Give the listing again exactly, skipping any pictures it holds.

§ DATA PROVIDED:
_ _ _
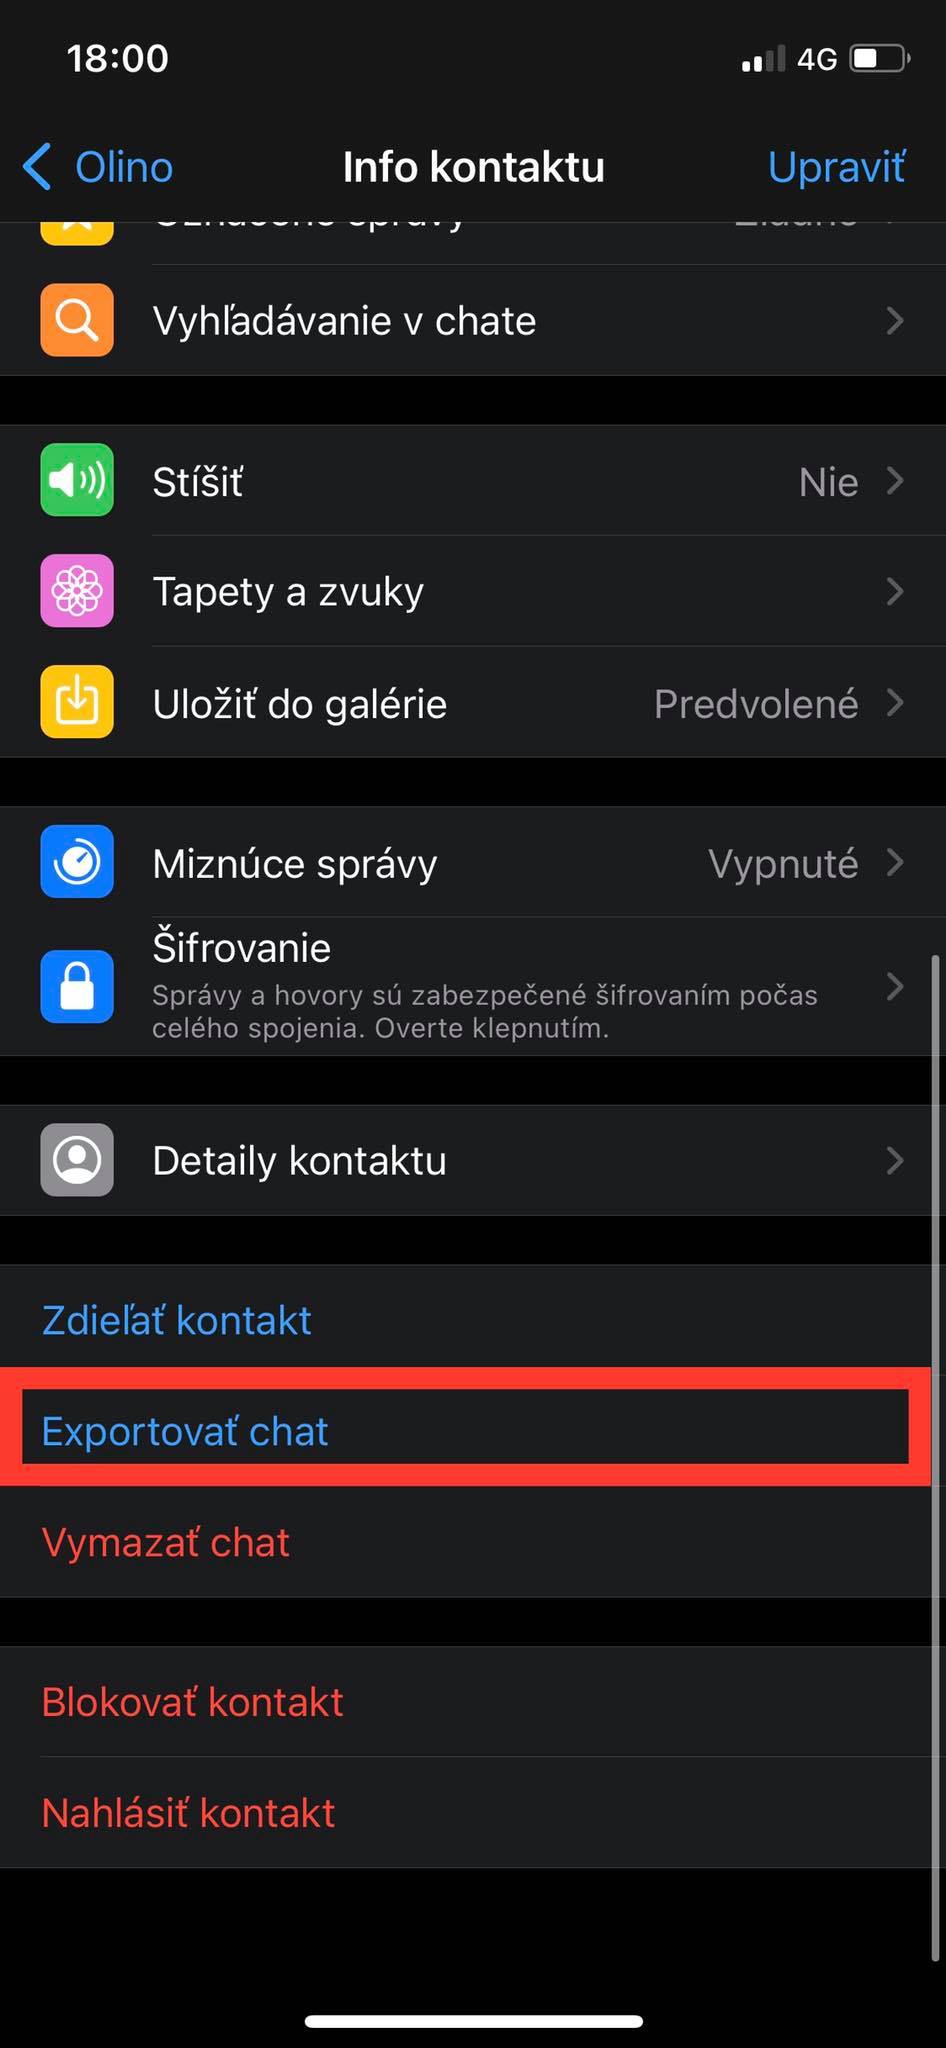 Ako preniesť konverzáciu z WhatsAppu na Telegram?
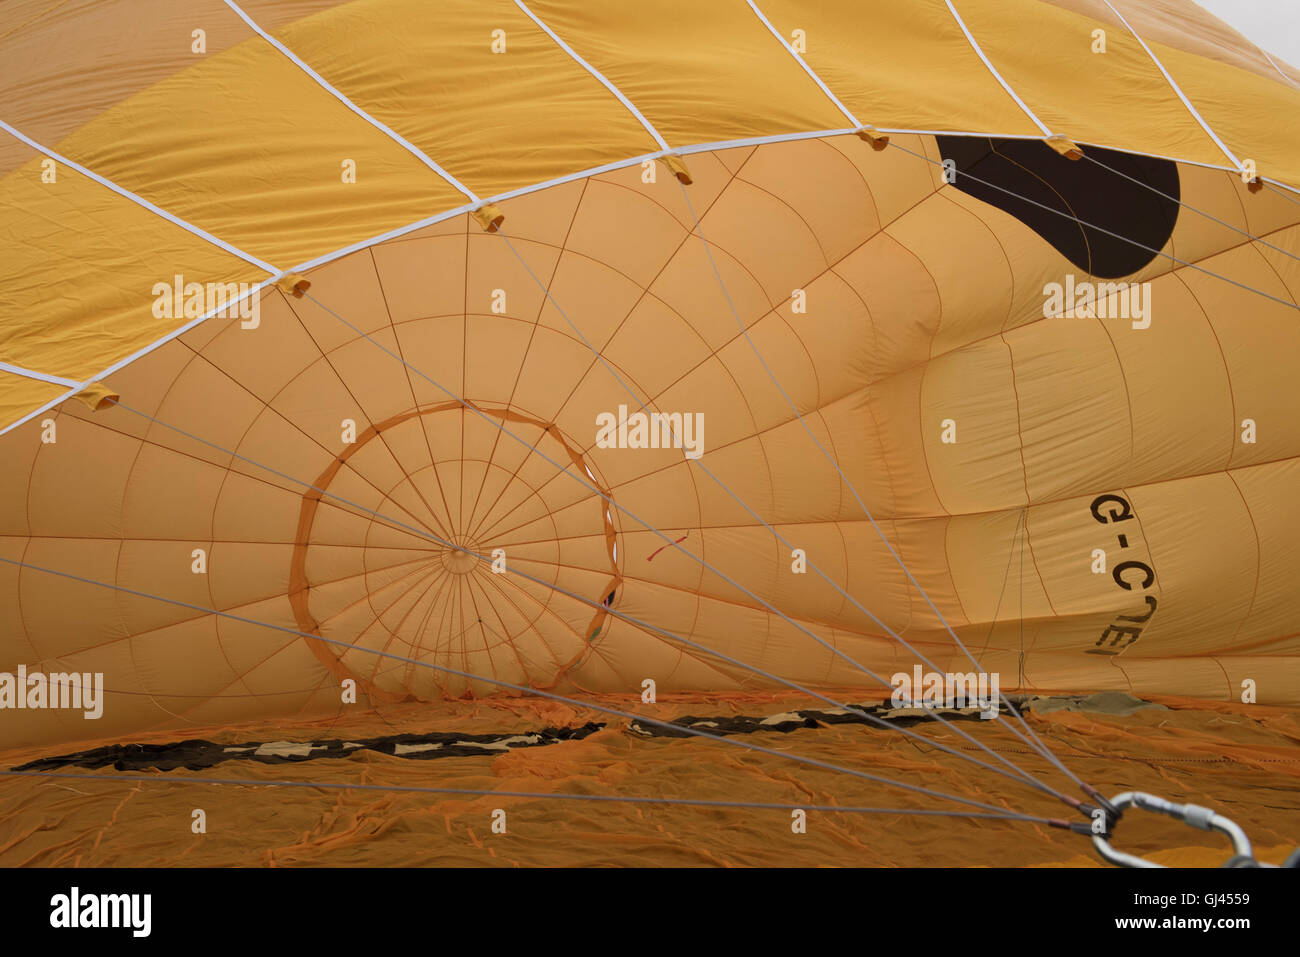 Bristol, Reino Unido. 12 de agosto, 2016. Bristol.La misa matutina del ascenso en el Bristol Balloon Fiesta 2016 cancelado el crédito: beata cosgrove/Alamy Live News Foto de stock
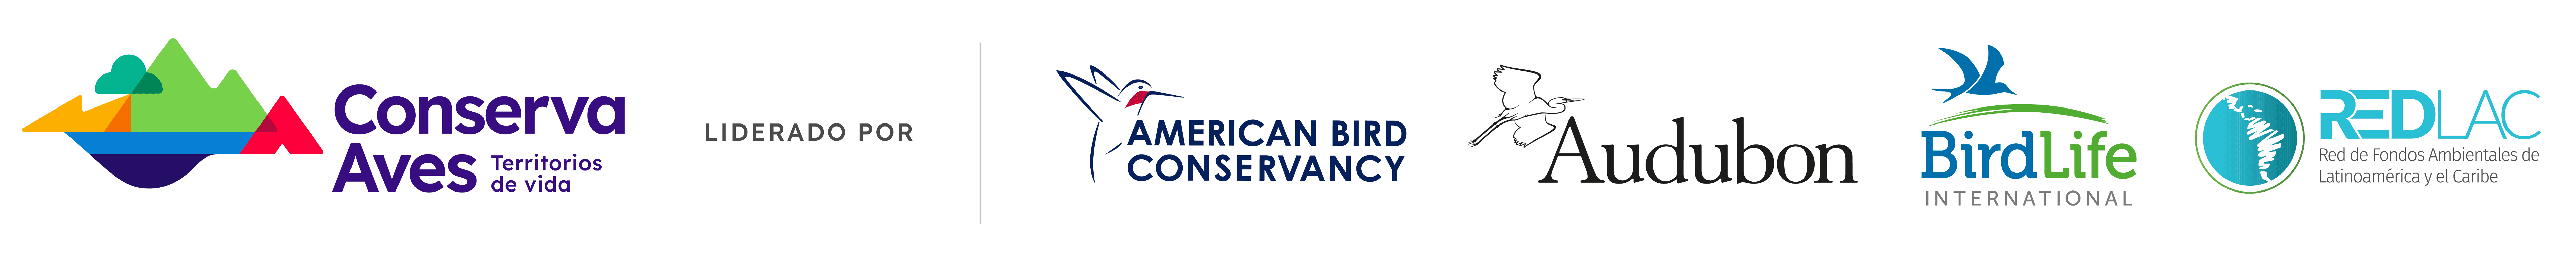 Conserva Aves Banner includes the American Bird Conservancy, Audubon, BirdLife International, & Red de Fondos Ambientales de Latinoamérica y el Caribe
_ _ _
§ PROBLEM SOLUTION:
 Ako preniesť konverzáciu z WhatsAppu na Telegram?
 Bristol, Reino Unido. 12 de agosto, 2016. Bristol.La misa matutina del ascenso en el Bristol Balloon Fiesta 2016 cancelado el crédito: beata cosgrove/Alamy Live News Foto de stock
 Conserva Aves Banner includes the American Bird Conservancy, Audubon, BirdLife International, & Red de Fondos Ambientales de Latinoamérica y el Caribe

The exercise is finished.